KV: I don’t know that there will ever be a BONE HOLLOW 2, but if you haven’t read SKELETON TREE yet, I would recommend it (ha, ha, I hear the author is totally awesome :P). It’s set in the same world, but tackles death from a totally different perspective.
WA: What do you hope your readers take away from your novel?
KV: I hope that readers will come away with a new perspective on life or, in this case, death. Like with SKELETON TREE, I’ve tried to create an engaging fantasy world filled with humor, whimsy and many light touches, but I’m also wanting to explore darker topics to show that there can be light and beauty there as well. Loss is one of those things that even very young children encounter, often with the loss of a pet or grandparent, and one of my goals is to help young readers develop a framework for processing their feelings surrounding death that acknowledges the sadness, but also opens the door to hope.

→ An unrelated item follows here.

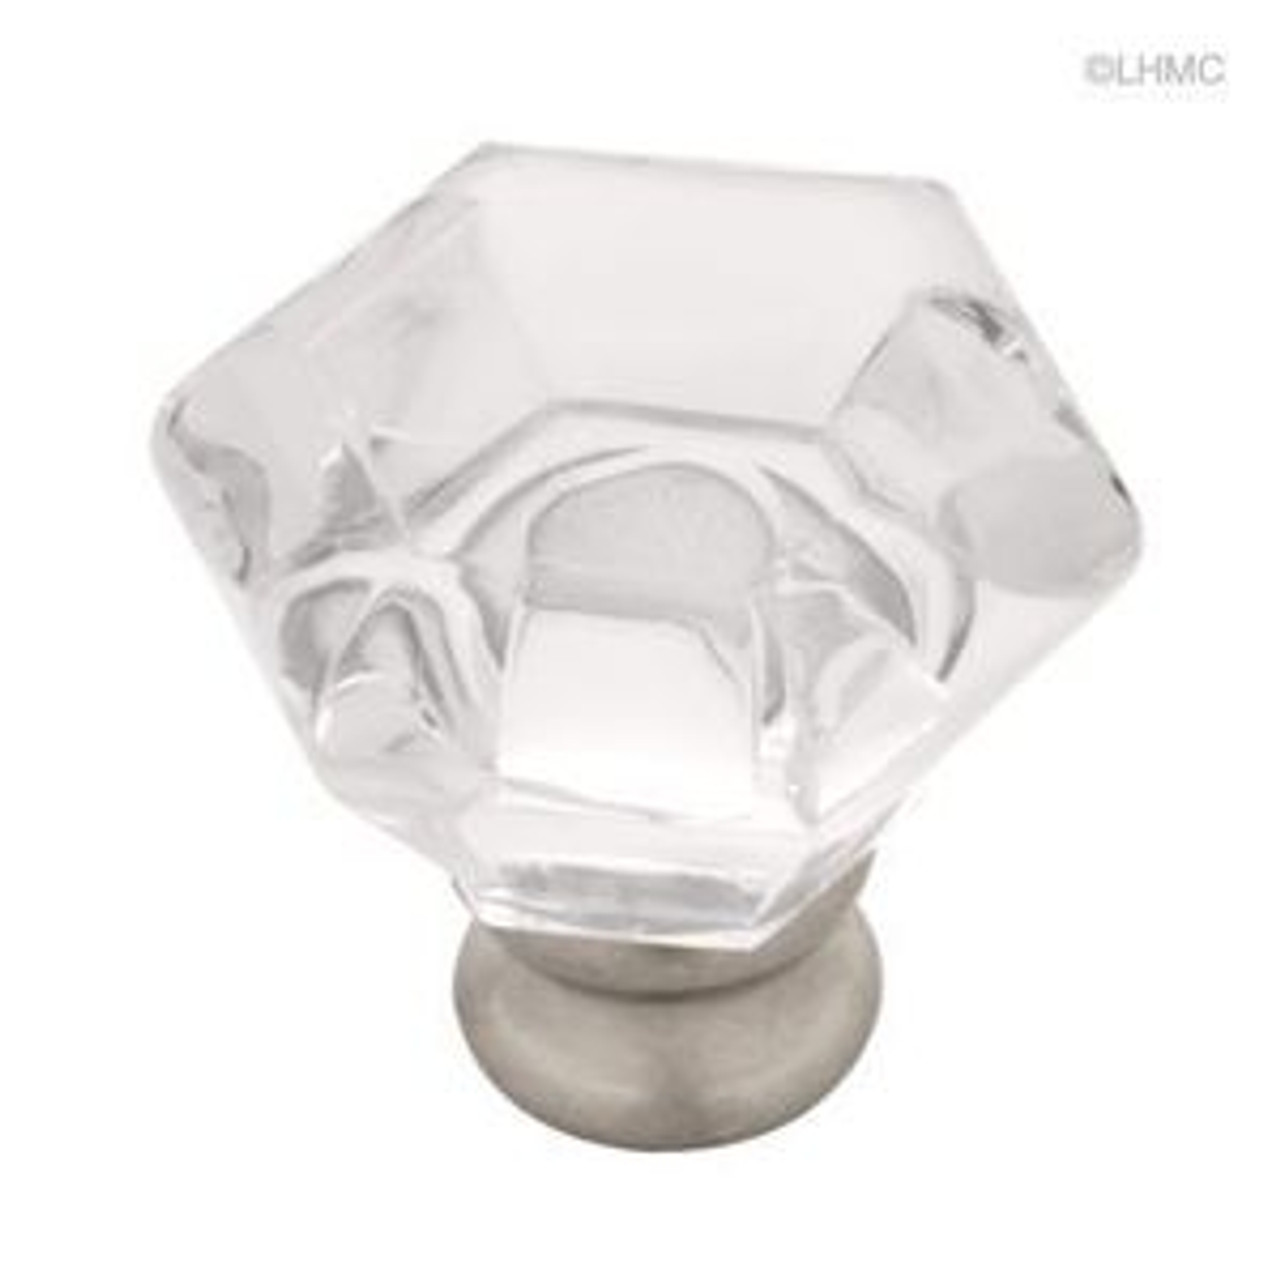 P15573-116  1 1/4" Clear Acrylic Satin Nickel Cabinet Drawer Knob  2 Pack

WA: Horror seems to be your genre of choice, what is your favorite horror novel and why?
KV: Ooh, that’s a tough one. I don’t know that I would describe BONE HOLLOW as horror, more magical realism or fantasy, but it definitely touches on horror-related topics. Along the same lines, I wouldn’t really consider it a horror novel, but I’ll say THE GRAVEYARD BOOK by Neil Gaiman. More of a supernatural coming-of-age story with horror elements, but still amazing.
WA: Are you currently working on any other projects?KV: Secrets, only secrets. Although I can officially tell you that I have a story appearing in the upcoming New Scary Stories to Tell in the Dark anthology (2020, HarperCollins). Also, I have more books in the works, but those have yet to be announced.